Although I have a soft spot for manly men, there are some traits that usually come along with them that irritate me. Staring around at all the mens shoes in my lecture that are lacking laces, I get caught up thinking about my frustrations with my own gender. Just because some men have laces, doesn’t mean they know what to do with them.

“I’m not judging you,” I said through my partially gritted teeth to a boy as I pulled his size 11 foot to my knee. I felt the embarrassment in his body as he shakingly balanced himself in a position for me to tie his laces, as he had just heartfeltly admitted to not being able to tie his own shoes correctly. At that point, I could overlook just about anything, and most of the time, not think anything of it, but this was a real ick. I narrowed my face in discomfort from being snapped back to reality. I asked him why nobody ever taught him, and he could not find an answer. Somehow, this boy had gotten through his childhood and teen years without knowing how to tie his own shoes. As long as I knew him, I found myself drawing up his foot in public like a mother and tying his laces. After so long, I stopped noticing myself and my own embarrassment doing it, but rather other people doing it too.

I still see it, almost daily. If you go to the student center during rush times, you are sure to see some boy standing there a little embarrassed as his girlfriend makes bunny ears on his Nikes.

Here’s the kicker, they’re adapting. Of course, slip on boots have existed for quite some time, but I don’t know if you have heard of the brand “Hey Dude.” This shoe brand started in 2008 and originally carried only mens shoes. They are made of sustainable materials, they’re comfortable and the most important aspect about them is that they don’t tie. All you have to do when you own these shoes is slip them on and at most, hook your finger in the back to get it around your heel. They sound like a dream for anyone on the go, but they also sound like a good way for a man to get through life without ever having to worry about remembering how to tie his shoes.

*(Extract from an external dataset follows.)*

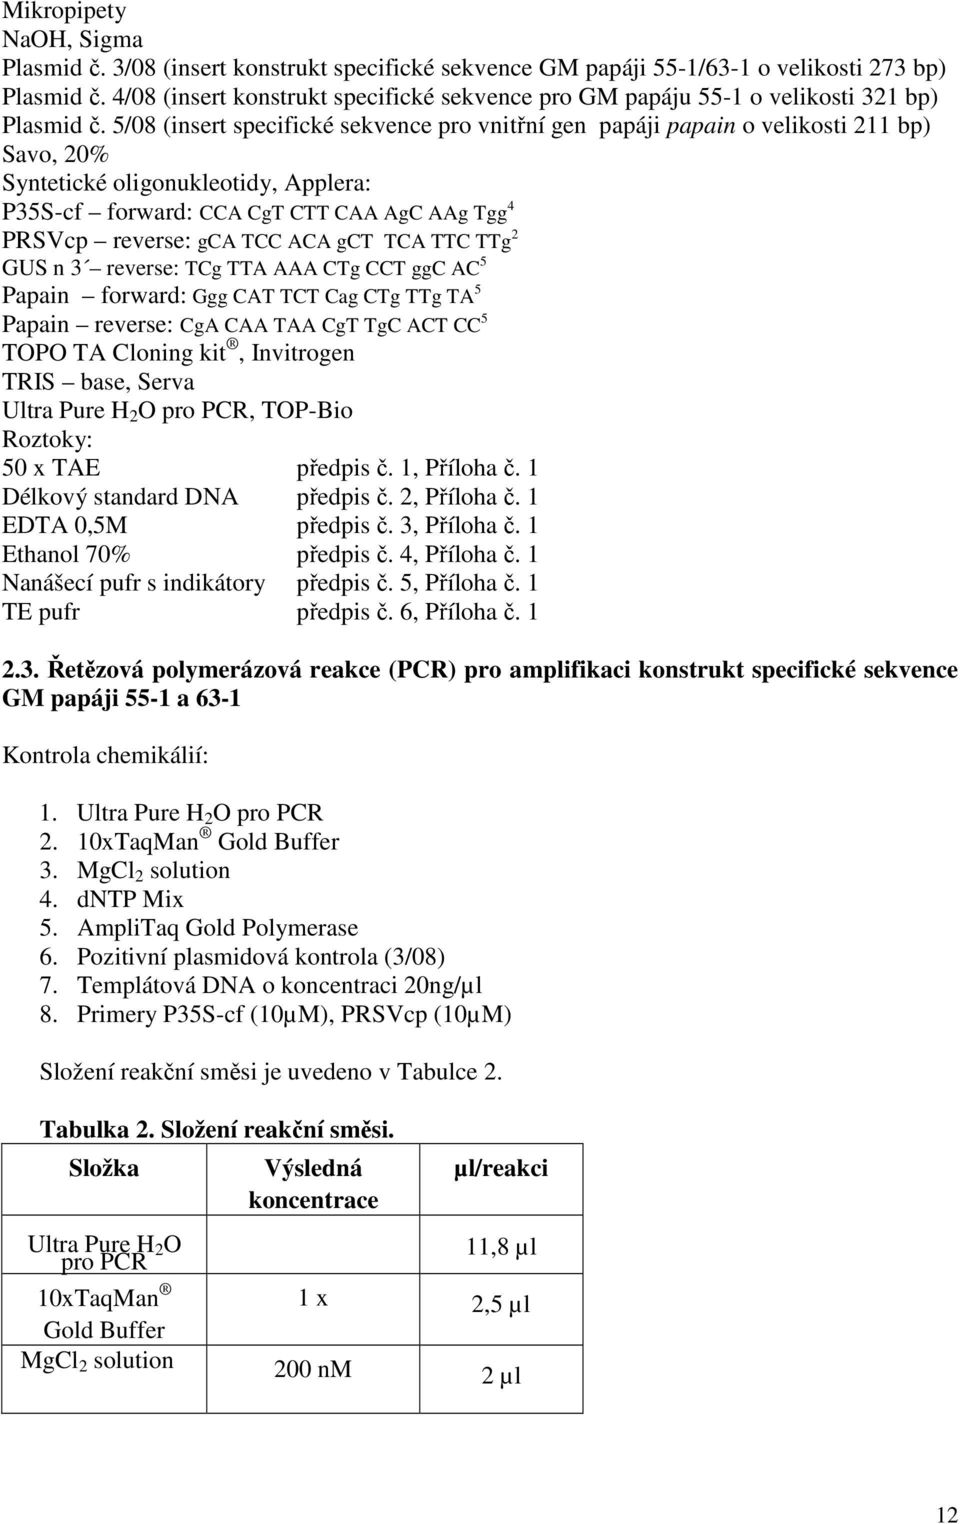 5/08 (insert specifické sekvence pro vnitřní gen papáji papain o velikosti 211 bp) Savo, 20% Syntetické oligonukleotidy, Applera: P35S-cf forward: CCA CgT CTT CAA AgC AAg Tgg 4 PRSVcp reverse: gca

“Men’s clothing” (and I use quotes because can we actually define a piece of clothing by gender?) is always designed in this leisurely manner. The pockets are always deeper, the denim is always sturdier and somehow there is much better quality. For the crowd that I don’t think would genuinely care about quality clothing, the industry sure puts in a whole lot more effort than they do for any standard women’s garment. Take it from me, who has a fine collection of both genders’ garments, my men’s clothing is always a better quality and almost every girl knows that too. So many women know better than to buy that overpriced but cheaply made stuff that they call women’s clothing and to go get their jeans and T-shirts from the mens department.

Now, I want to address the other men who might be reading this: acknowledge your privilege.

I want you to remember everytime that you pull up your Levi jeans over your butt that those jeans have pockets that are functional, they more than likely will not rip from basic human movements and they were specifically designed to be easy for you. I want you to look at every piece of clothing you own and inspect it; think about how it evolved to get to where it is today. Do these statements make you feel uncomfortable? Are you too macho to care? Can you even tie your shoes?